# Toyota Needs To Pull Its Own Weight



## GoVols (Oct 7, 2005)

Hey! Isn't that a CHEVROLET pulling that Toyota Racing trailer? Thought for sure they'd have that Tundra Tow Max thingy underneath that trailer. Guess they understood it was time to supersize! Or they need to change the tagline on the trailer to say, "We're here to race, but not to tow"!









(Apologies to you Toyota owners. Sorry, I couldn't help myself.







)


----------



## skippershe (May 22, 2006)

LOL!


----------



## wolfwood (Sep 19, 2005)




----------



## tdvffjohn (Mar 10, 2005)

LOL


----------



## Insomniak (Jul 7, 2006)

Eeeeekkkkk !!!


----------



## daves700 (Jun 12, 2006)

Ouch .... That could hurt some! LOL


----------



## Nathan (Jan 2, 2007)

Wait, you mean a 1 ton chevy can pull more than a 1/2 ton Toyota?!?!


----------



## tdvffjohn (Mar 10, 2005)

I just think is a darn good looking GMC


----------



## Highlander96 (Mar 1, 2005)

A picture is TRULY worth a thousand words!!!!!!!


----------



## ProEdge (Mar 8, 2007)

That trailer is Empty..


----------



## Bill H (Nov 25, 2006)

And who said the grass wasn't greener.......


----------



## smashinski (May 12, 2007)

ROFLMAO......................


----------



## Insomniak (Jul 7, 2006)

I just noticed the "race" vehicles that are on the side of the trailer.

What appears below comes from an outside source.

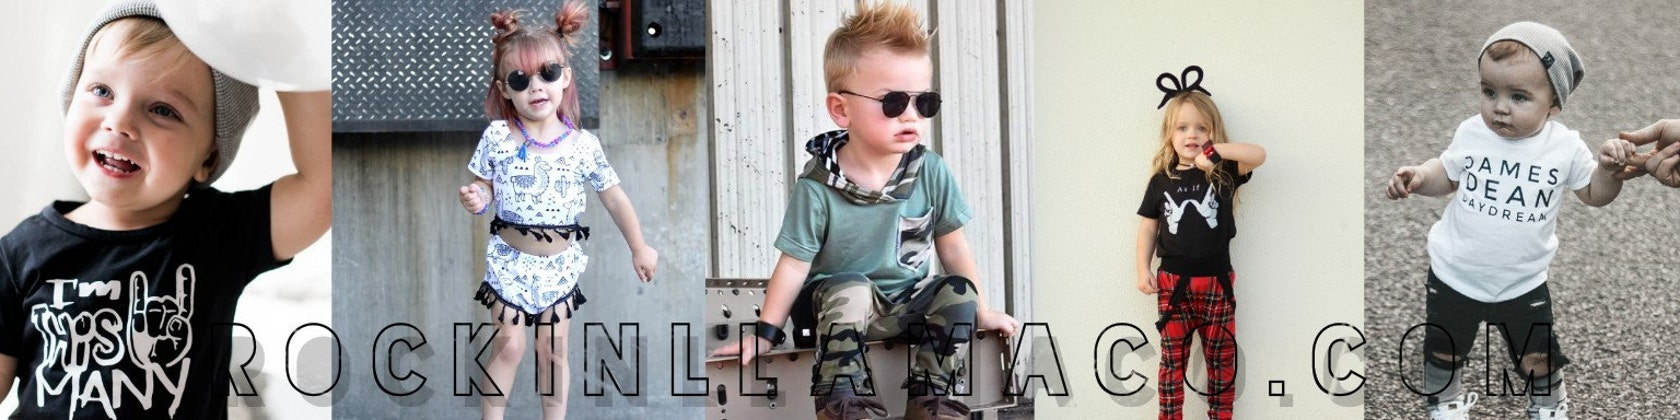 Checker Leg Pocket Harem Pants Baby Toddler Grunge Goth Cool Boy Clothes Rocker Baby Shower Little Rockstar Skater Boy

Course, this just goes to show that Toyota is sensible and would never overload their 1/2 ton truck, or exceed the GVWR of the mighty Tundra. That would provoke even harsher comments from the 3/4 and one ton crowd.


----------



## Sayonara (Jul 23, 2007)

their cars cant even pull their own weight on the track....


----------



## NJMikeC (Mar 29, 2006)

Heck if we keep on beating on the Tundra owners then they might just develop as thick of skin as the rest of us.


----------



## ALASKA PFLOCK (Jun 24, 2007)

GoVols said:


> Hey! Isn't that a CHEVROLET pulling that Toyota Racing trailer? Thought for sure they'd have that Tundra Tow Max thingy underneath that trailer. Guess they understood it was time to supersize! Or they need to change the tagline on the trailer to say, "We're here to race, but not to tow"!
> 
> 
> 
> ...


GoVols- Funny!!! I thought about getting a new Tundra, but I think I'll stick with my Suburban. Anyone know if Chevy is coming out with a Diesel Suburban soon?


----------



## renegade21rs (Oct 8, 2006)

ProEdge said:


> That trailer is Empty..


Sure it is.


----------



## NJMikeC (Mar 29, 2006)

[/quote]

GoVols- Funny!!! I thought about getting a new Tundra, but I think I'll stick with my Suburban. Anyone know if Chevy is coming out with a Diesel Suburban soon?








[/quote]

This has been discussed at lenght. General consensus is will you have enough money to buy it?


----------



## Nathan (Jan 2, 2007)

ProEdge said:


> That trailer is Empty..


So you're saying that the toy couldn't even pull an EMPTY trailer?!?!


----------



## rms0726ea (Aug 9, 2006)

Just got in & read the post for the first time - good one....


----------



## rms0726ea (Aug 9, 2006)

All the new truck commercials kill me. Trucks pulling huge loads, 1st in class this and that BS, best in class this and that BS, pulling container loads hanging over the grand canyon. What happened to truth in advertising? It's almost getting as bad as the damn diet pill commercilals....


----------



## Pakeboy2 (Aug 13, 2005)

We're really surprised also...the TMax should be towing it...GO CHEVY!!!


----------